Segundo a versão do Daily Mail, em 1940, um pastor evangélico, Anisio Pereira, desposou uma das mulheres da localidade, na época com 16 anos, e fundou uma igreja na comunidade a crescer. Contudo, ele impingiu regras extremamente puritanas como a proibição de beber álcool, ouvir música, cortar o cabelo ou usar qualquer tipo de contraceptivo. Quando, em 1995, Anisio morreu, as mulheres decidiram nunca mais deixar um homem dizer-lhes como deviam viver. Uma das primeiras coisas que aboliram foi a organização religiosa centrada no homem. (O que não está totalmente errado, mas só é parte da história – esta até já deu origem a um documentário.)

https://www.youtube.com/watch?v=gv0zQQ8NPmY

De acordo com a BBC Brasil, a localidade é habitada por pessoas de “origem humilde”, com poucos estudos, que se organizaram numa cooperativa para tomar as decisões locais. Trabalham na agricultura e na produção de peças de artesanato.
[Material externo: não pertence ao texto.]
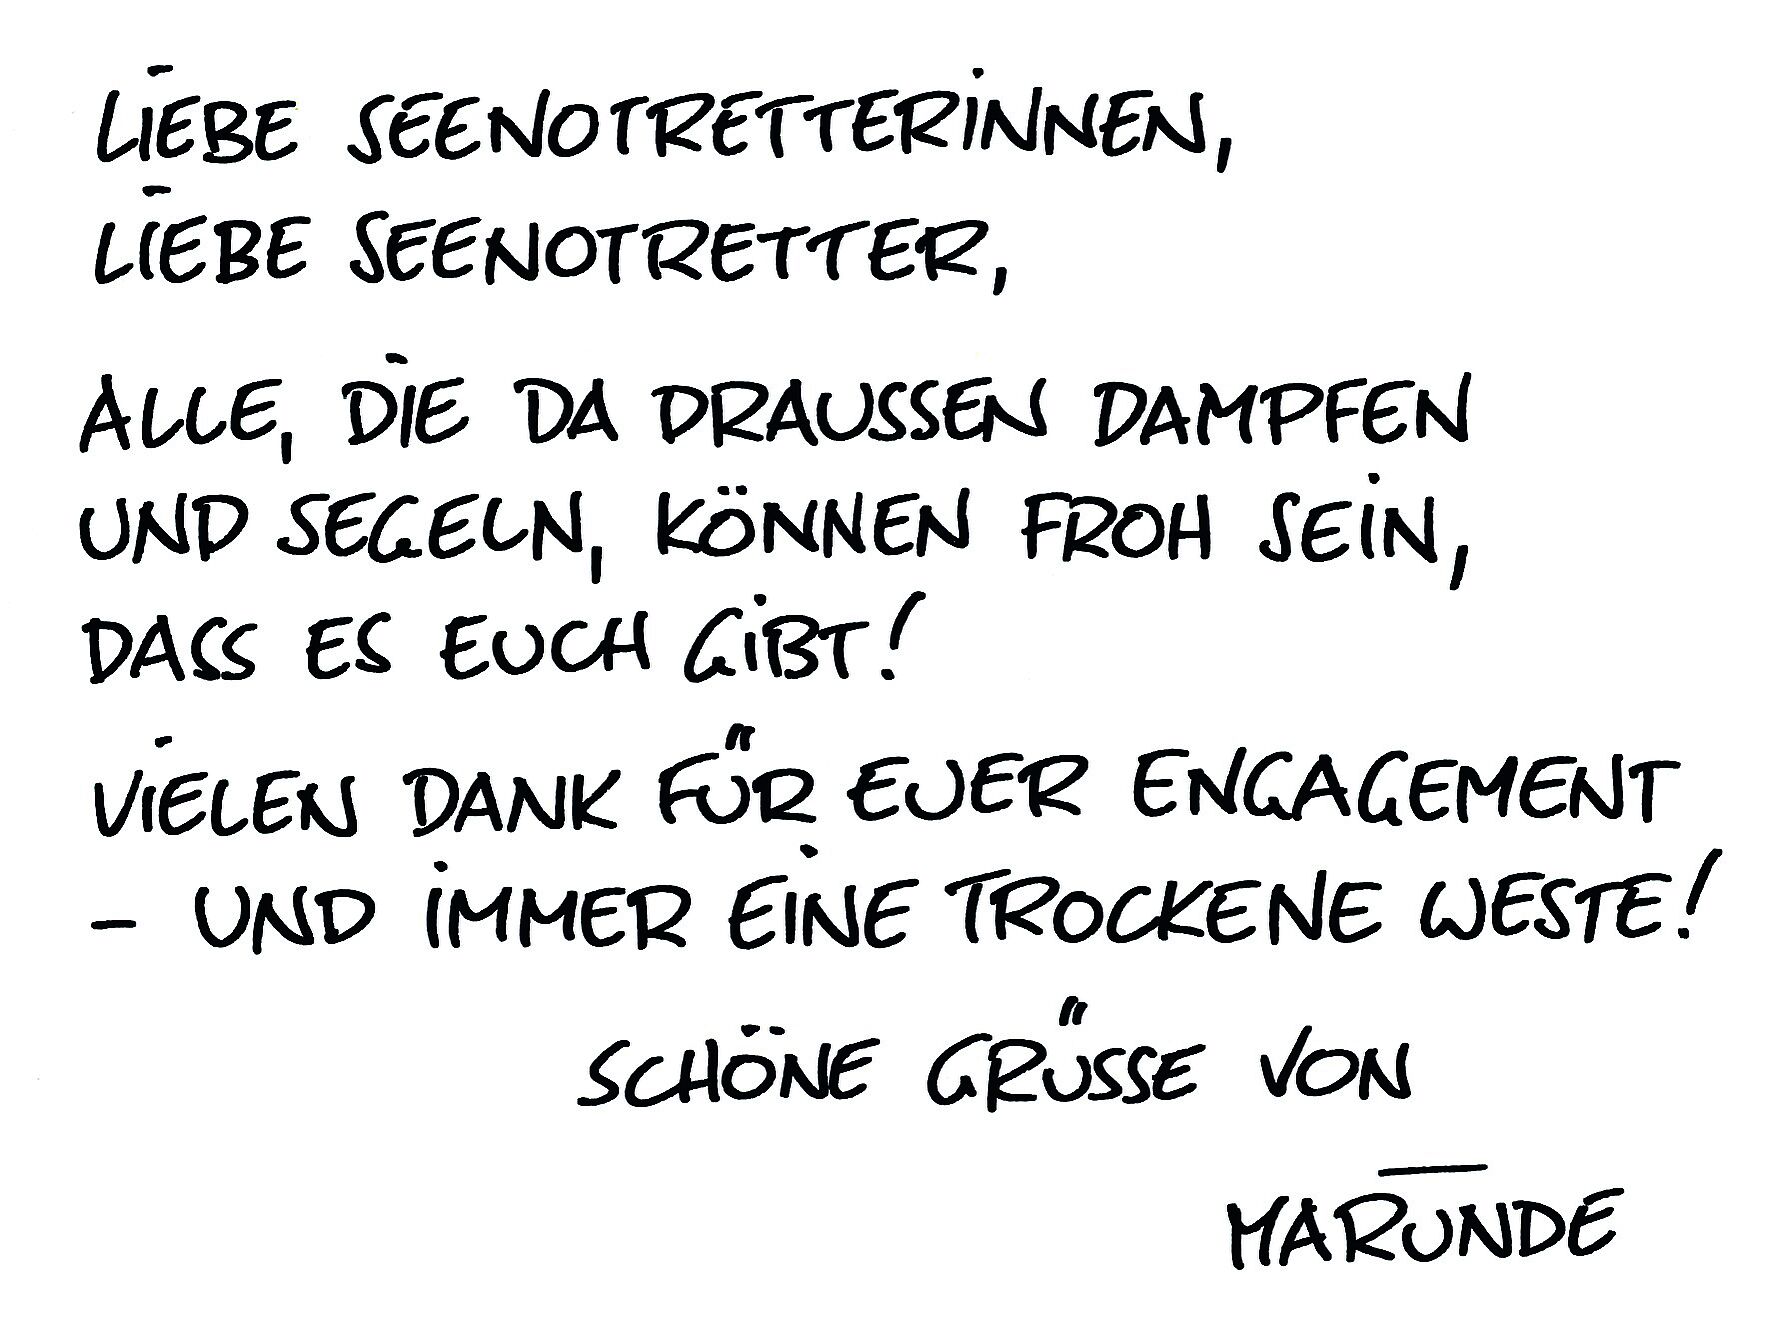 Ein handschriftliches Zitat des Cartoonisten und Seenotretter-Botschafter Wolf-Rüdiger Marunde

Devido à ausência dos maridos durante os dias da semana, a associação local foi a resposta encontrada pelas mulheres para se ajudarem mutuamente e enfrentarem o preconceito das localidades vizinhas. E aqui pode estar uma das origens do mito: no passado, as moradoras vizinhas chamavam de prostitutas as mulheres de Noiva do Cordeiro, devido a estarem sempre sozinhas. Onde é que estavam os homens?

Em conjunto como cooperativa, as mulheres dizem ter conseguido complementar os rendimentos familiares através de trabalho colectivo, para além de se ocuparem nos períodos de ausência dos maridos.

“Por favor, vocês precisam nos ajudar a desmentir esse boato, moço”, pediu Rosalee à BBC Brasil. “Isso aqui é terra de gente digna.”

Será que alguém chegou a marcar viagem para o pequeno distrito de Noiva do Cordeiro?